Saturday 22 May 2010

Life on Mars - 1973 on the Rochdale Canal

The "Rochdale Arch" - entrance to Dale Street Basin - or "car park" as it had become by 1973
In 1973 the canal scene in Manchester was very different from the way it is today. Although there were still the last vestiges of commercial traffic on the Bridgewater Canal, the Ashton and Peak Forest were both unnavigable and most of the Rochdale had been abandoned twenty years previously. In theory, the nine locks that provided a link between the Bridgewater and Ashton Canals through central Manchester were open, but in practice it was all but impossible to take a boat through them. The Peak Forest Canal Society undertook some basic restoration work on the "nine" but it was with a view to providing a connection to the soon-to-be-reopened Ashton and Peak Forest Canals than with any thought of eventual re-opening of the cross-Pennine route.
Although living near Manchester at the time I had very little interest in these waterways - and to my eternal shame I only spent one weekend working on the "nine" with the PFCS.
I did, however, manage at least one walk along the Manchester section of the Rochdale Canal sometime in 1973.
This was the scene above Dukes Lock (No. 92 and the very end of the Rochdale Canal)
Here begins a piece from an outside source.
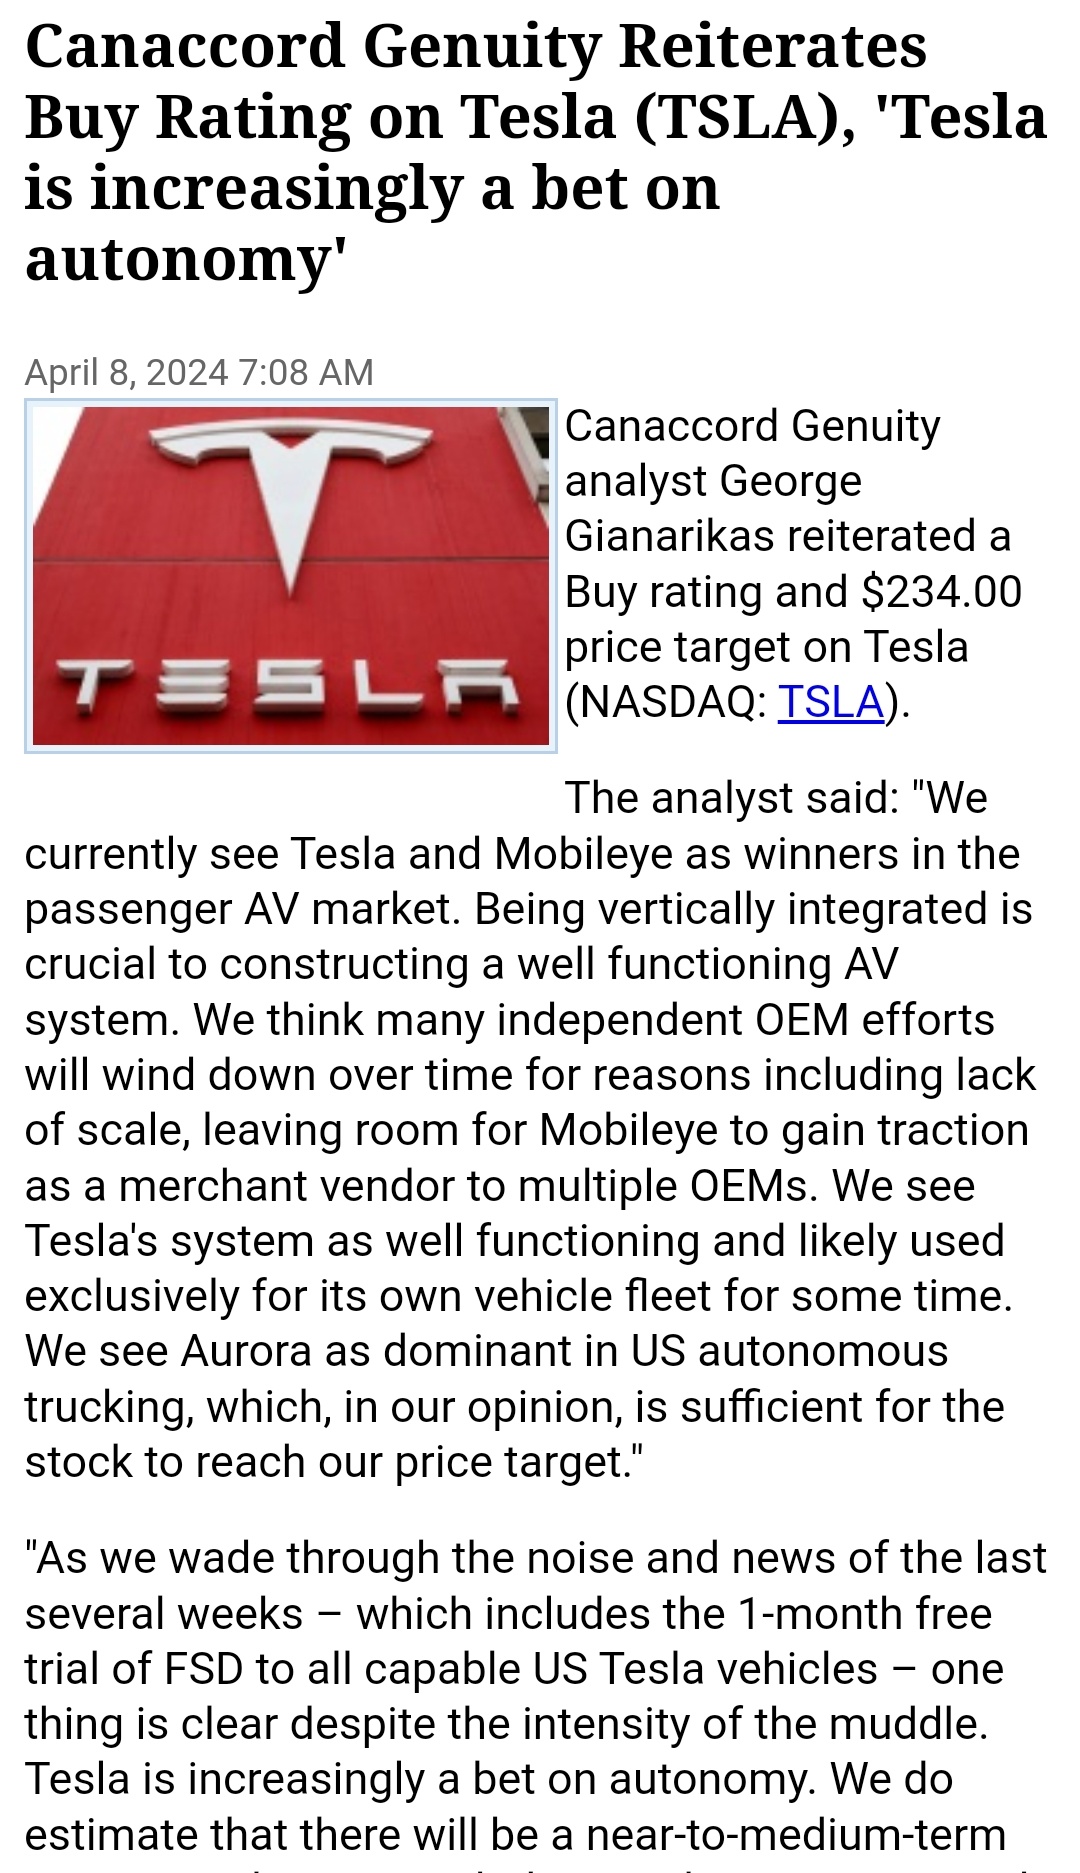 $テスラ (TSLA.US)$$BYD (01211.HK)$$ニオ (NIO.US)$$シャオペン (XPEV.US)$Canaccord Genuityのアナリストであるジョージ・ジャナリカス氏は、Teslaについての買いのレーティングと$234.00の目標株価を繰り返し提示しました。アナリストは「現在、私たちはT...

Despite the dereliction, one brave soul was attempting to operate a restaurant boat on the canal - although as a static attraction rather than a cruising restaurant. I seem to recall that the PFCS working party were treated to lunch here on the occasion I worked with them and very good it was too.
At the top of the "nine" is the junction with the Ashton Canal, then still unnavigable and looking very different from how it does today.
The abandoned section of the canal then passed through Ancoats, along a section which the City Council had partly filled in. It was intended as a shallow "linear water park", but in practice quickly became a linear rubbish dump as the local population continued their age-old habit of disposing of unwanted items in the canal despite it now being six inches rather than six feet deep.
The Council was obviously very proud of its work, although  Buggsey's artistry doesn't have quite the same appeal as the better-known Banksy!
The locks on this section were "cascaded" rather than filled-in, which at least made it a bit easier when the restoration work began.
This treatment continued all the way to the Manchester city boundary. This view, taken in Newton Heath, does, I suppose, give some idea of what was behind the thinking of the time, given that in 1973 nobody in their right mind would ever have thought that boats would ever again cross the Pennines via this route (note the "Selnec" bus in the background - in 1973 the orange and white livery was considered revolutionary!). But it was never going to work and within months the shallowed sections looked worse than ever. Part of the rationale behind the scheme was safety, although of course even six-inches of water can drown someone in the circumstances are right - or wrong!
In 1973 and for quite some time afterwards, I never thought I'd see both the Rochdale and the Huddersfield Narrow Canals open thoughout - and I certainly wouldn't have believed that thirty years later I'd have navigated both of them - in a very strenuous seven days on a hire boat from Sowerby Bridge.